Не было места надежде Доспана в цепи, что тянулась от мертвых к живым, и была эта цепь крепка - не разорвешь. И все же Доспан попытался разорвать ее.
- Возможно, сам Мыржык откажется…
Старик опустил на колени чашку с молоком и вытер старательно губы. Нет, он не насытился, просто боль сына напугала его, и он, забыв обо всем, решил утешить ягненочка своего:
- Отказался бы… Строптива, говорят, дочь Есен гельды, ох строптива!
Так что ж?
- Не свободен Мыржык решать судьбу свою. Айдос-бий уже сосватал его.
- А Кумар? - застонал Доспан. - Она согласна? Тут бы застонать Жаксылыку, не утешил он Доспана, только больше разбередил сердечную рану его, однако тоже ли отцу оказывать сыну свою слабость…

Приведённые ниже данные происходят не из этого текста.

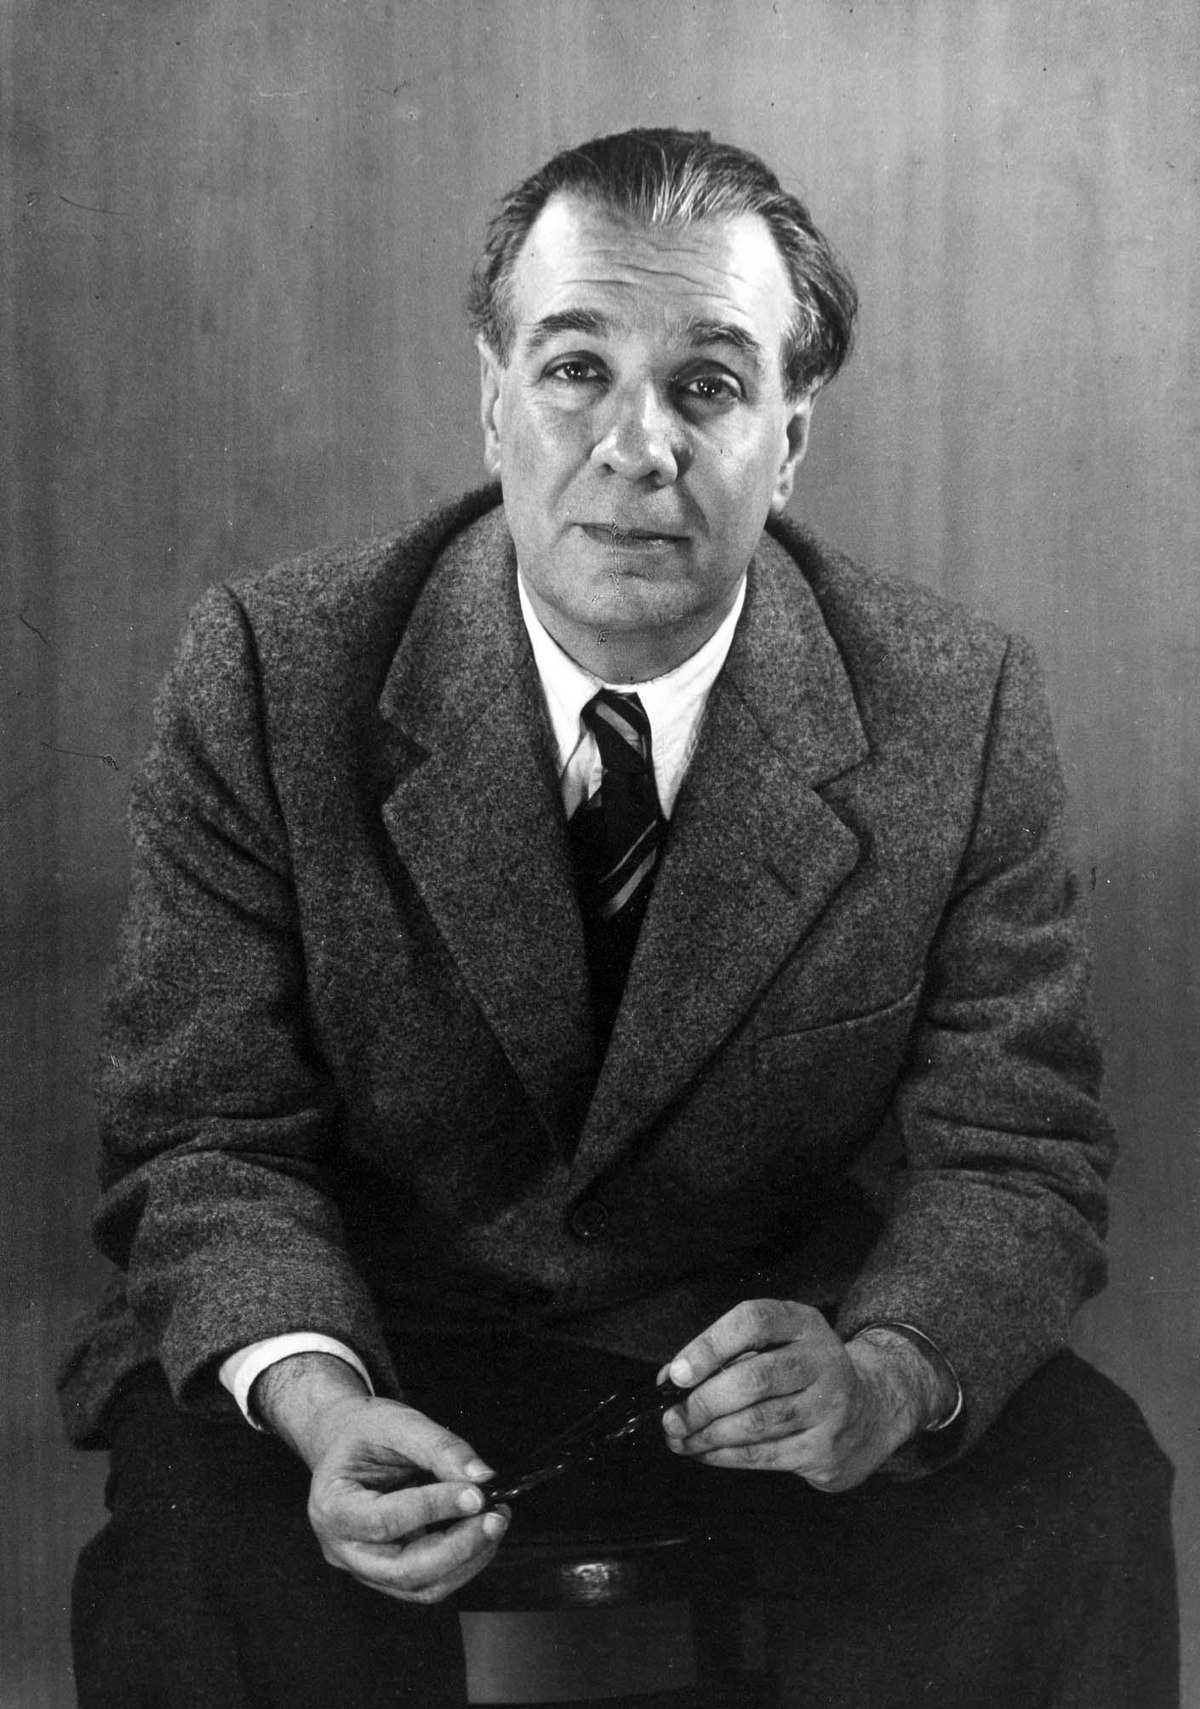 Он начал писать в шесть лет, а в девять перевел «Счастливого принца» Оскара Уайльда на испанский.

- С каких пор мусульмане стали спрашивать согласие женщины? - покачал головой старик. - Не наступило, слава богу, такое время…
- А если бы спросили? Удивился и напугался Жаксылык:
- Кто?!
Не знал Доспан, кто мог спросить у Кумар согласия. Сам лишь, больше некому. Да глупая это мысль - и открывать ее не надо! Смолчал поэтому и губу прикусил, чтобы не сорвалось ненароком это глупое.
- Некому спросить, - успокоился малость Жаксылык, - да и печалиться незачем. Они, бии, сами разберутся, кого брать в жены, кого вводить в свою юрту. Была бы невеста здорова и детей умела рожать.
- Она прекрасна как пери! - смущаясь, с трудом произнес Доспан.
- Прекрасна?! - снова удивился старик. Ему-то такие слова никогда не приходили в голову. Не было перед ним существа, о котором можно было такое сказать. А вот сын увидел. Увидел, ягненочек, надежда и счастье его. А может, ошибся? Понимает ли, что такое красота? - Высока? - спросил осторожно.
- Нет…
- Сильна?
- Не знаю…
- Ха! - усмехнулся старик. - Красивая девушка должна быть сильна, как джигит. Кто положит на плечи мужа мешок с зерном? Кто остановит вспугнутого коня?
Кто внесет больного степняка в юрту? Жена. Вот в чем красота женщины, сынок.
Широко открыв глаза, пораженный и растерянный, слушал Доспан. Образ, нарисованный отцом, ничем не походил на Кумар. Она тонка, нежна, взгляд чистоты и доброты необыкновенной, лунолика. Что еще скажешь о девичьем лице, с чем сравнишь, кроме ясного месяца…
- Кумар… - только и смог прошептать в ответ До спан. В этом было все, о чем он думал и что чувствовал. Дочь Есенгельды жила уже в сердце юноши и, живя там, радовала и мучила Доспана.
Дальней, витиеватой тропой нельзя было, оказывается, идти к той истине, которую хотел раскрыть перед сыном старик. Не туда она привела, совсем не туда. И Жаксылык свернул на прямую и короткую. Сказал строго:
- Не то имя произносишь, сынок. Мир этот устроен не на ровном месте, а на холмах, и каждый холм имеет свою высоту. Никто их сровнять не может. Сколько ни тянись, как ни поднимай голову, останешься на своем холме.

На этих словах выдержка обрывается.